This repository contains advice and templates for documenting your home in a Home manual, for yourself as well as any other users of your home.
My goal is to encourage you to document important information about living in your home, for day-to-day purposes as well as when emergencies occur.
This repository contains templates outlining the recommended information to include in your Home manual.
Luke Mewburn, Luke@Mewburn.net.
24 February 2023.
Over recent years a couple of friends have unexpectedly lost their partners. Aside from their grief, important knowledge about how their home operated was lost or hard to find.
My beloved wife Inger (AKA Thesis Whisperer) and I discussed me writing a "Home manual" documenting important and useful information about our home, because most of the information was either in my head or spread across years of email messages in my personal mail account.
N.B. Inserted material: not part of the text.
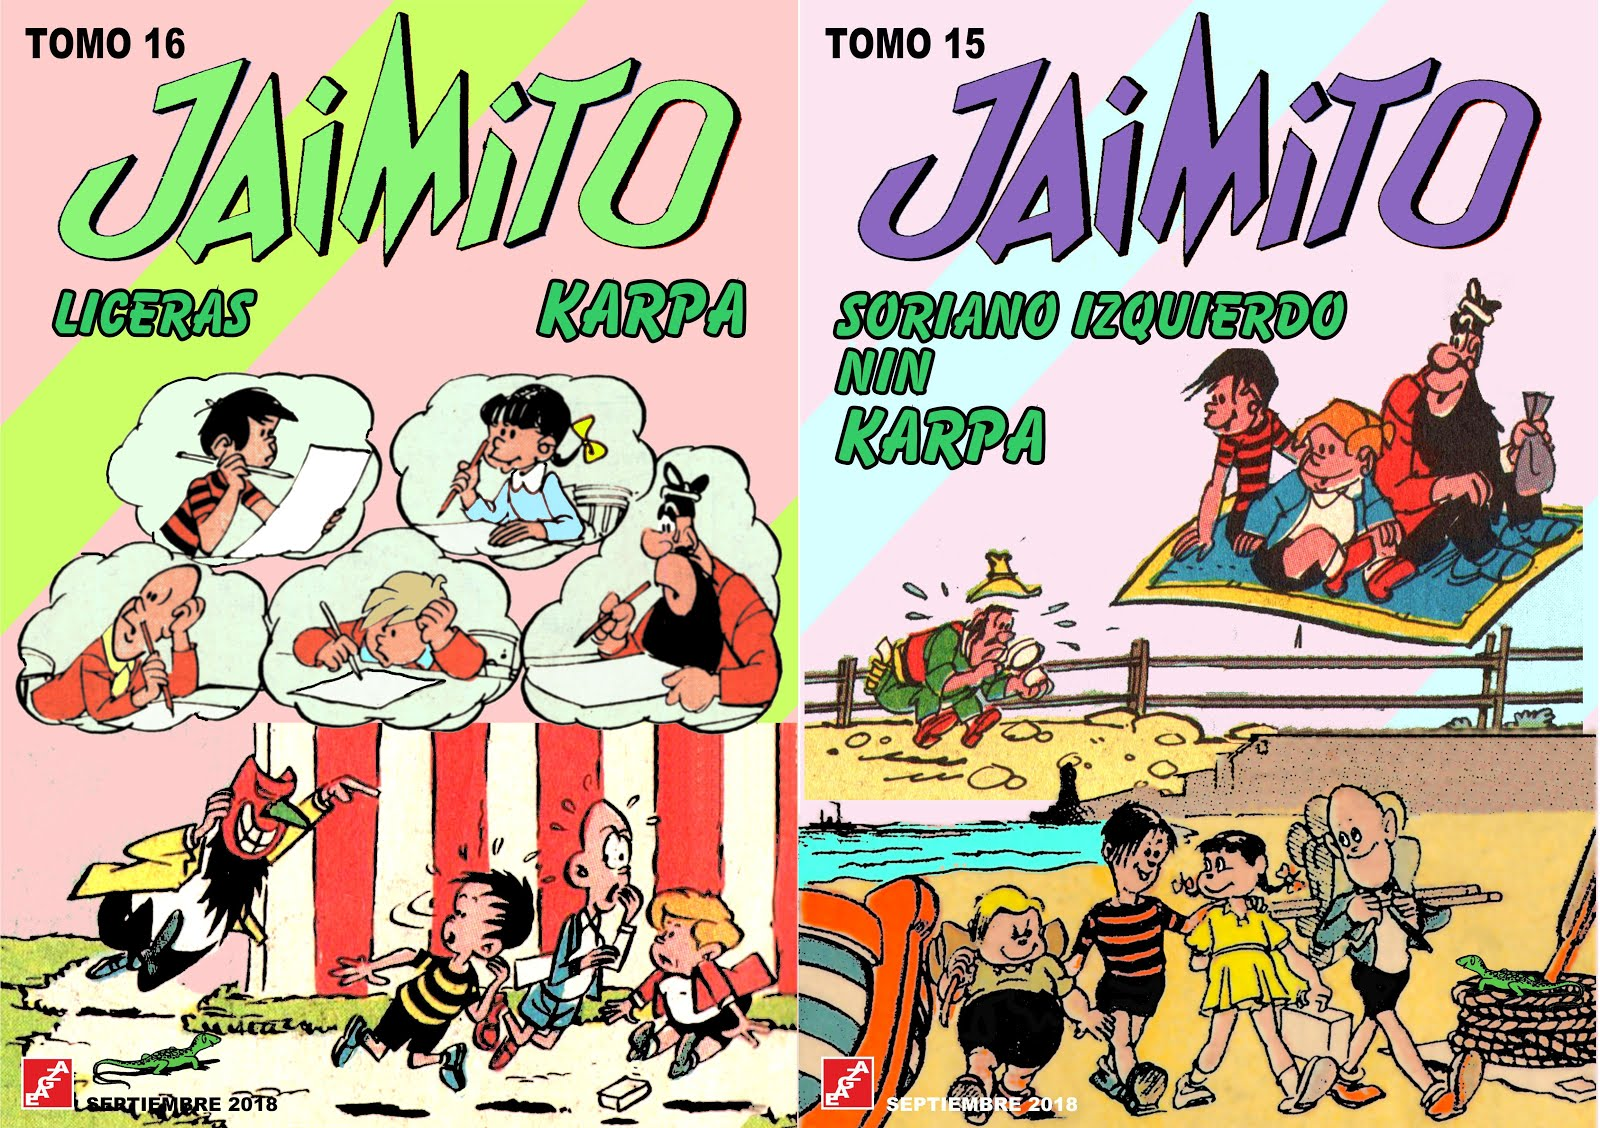 Jaimito - 16 Tomos - Karpa - EAGZA (Aventuras de Jaimito)

I wrote the initial version of our Home manual over the summer break of December 2022 - January 2023, and it's currently 34 pages of documentation and diagrams.
Home Manual Template, in Markdown
- Keep the Home manual up to date.
- Documentation:
- Server provider information:
- Contact information.
- Account and/or customer numbers.
- Plan details (if relevant).
- Password manager entry.
- Device information:
- Description, model, location, serial number, purchase date, warranty expiry date, supplier, installer (if separate to supplier).
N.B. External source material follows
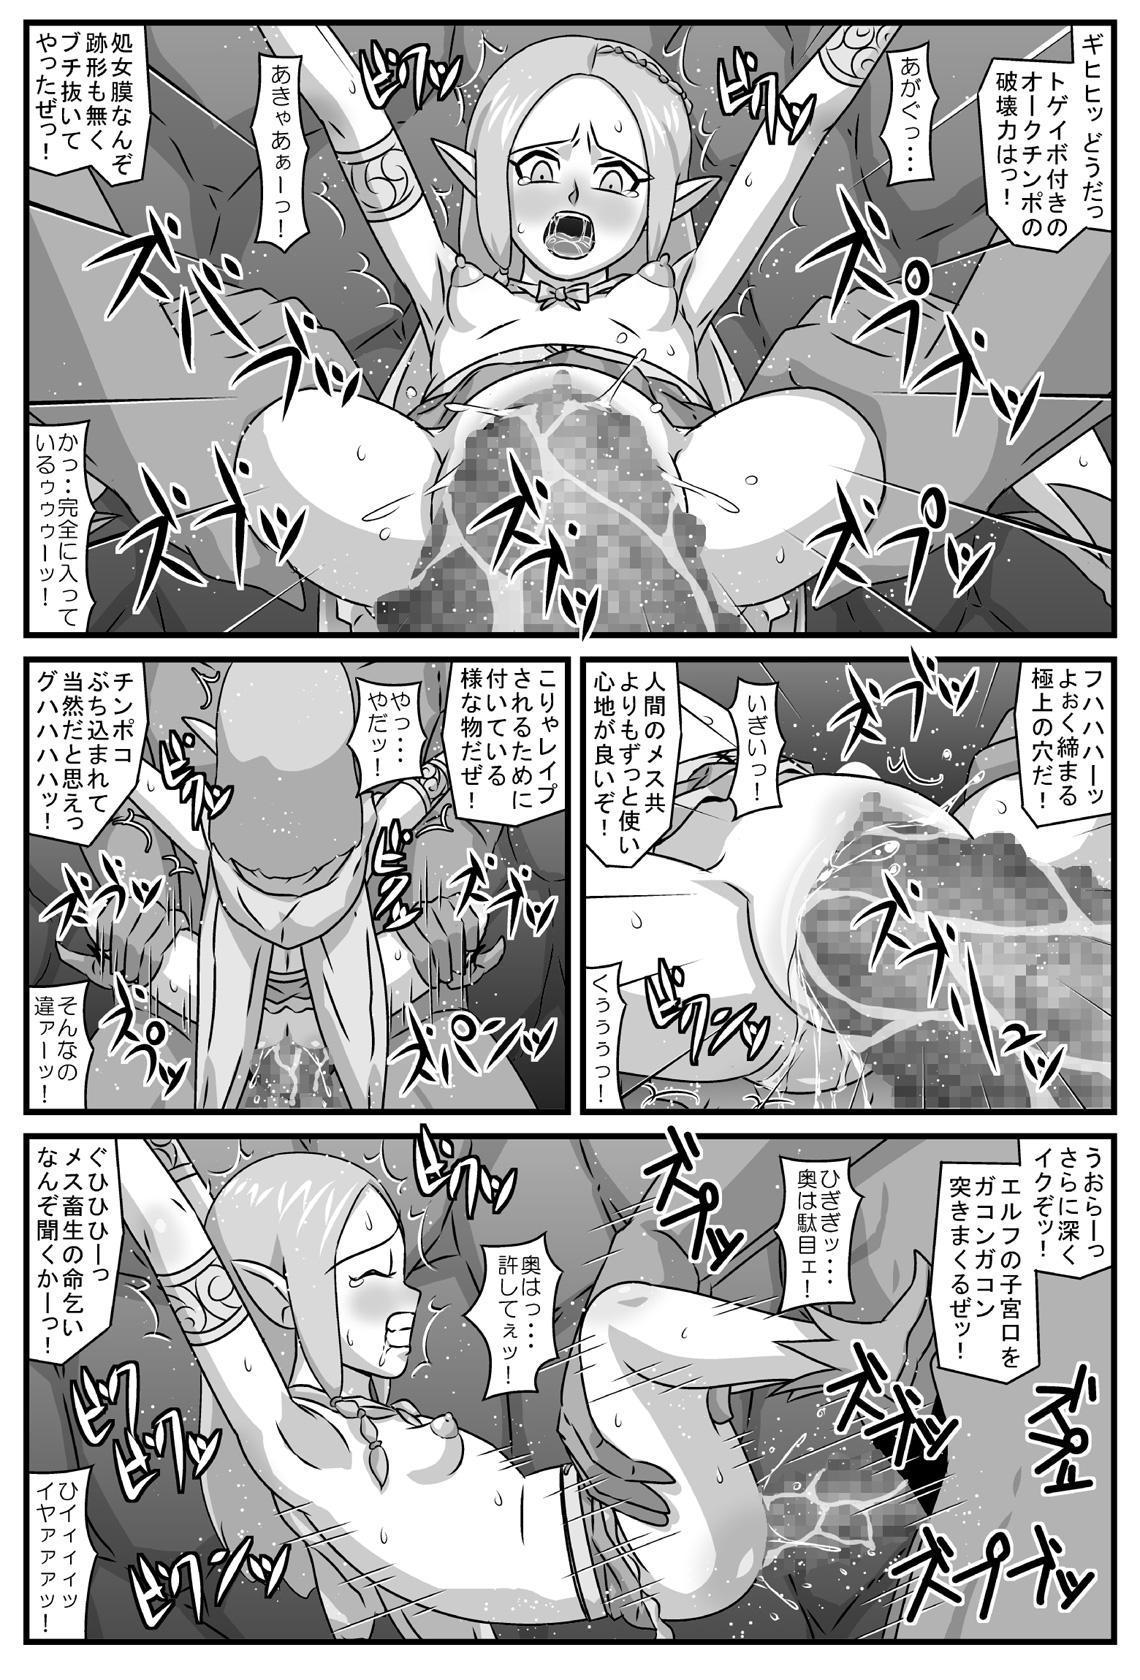 Elf Rinkan ~Kijin-tachi no Seien 7

- Don't store sensitive information such as passwords - use a password manager. A reference to the relevant entry in the password manager entry is sensible.
- Server provider information:
- Diagrams:
- These don't need to be architectural, construction, or engineering grade. The important point is to contain information useful to lay-people. My diagrams are specifically "not to scale".
- Maintain layers (if your diagram software supports layers) for:
- External property plan.
- Internal home plan.
- Services: electricity, garden, IoT, lights, network, water/sewer, (etc.)
- Software:
- Use software and tools that are useable and maintainable by your household. Our household all has at least one personal iOS or macOS device, so I used Apple Pages. Google Docs or Microsoft Word are other options.
- Export to PDF and store in well-known locations.
- Print the manual and store in a well-known location. Even just the first few pages with emergency and critical information can be helpful.
Use a good password manager for your personal passwords and information.
Setup a "Shared family" section (... shared with your family) with entries including:
- Household services (energy, internet, water)
- Insurance documents (home, car)
- Wifi passwords
We currently use 1Password, but other password managers such as Bitwarden are also well regarded.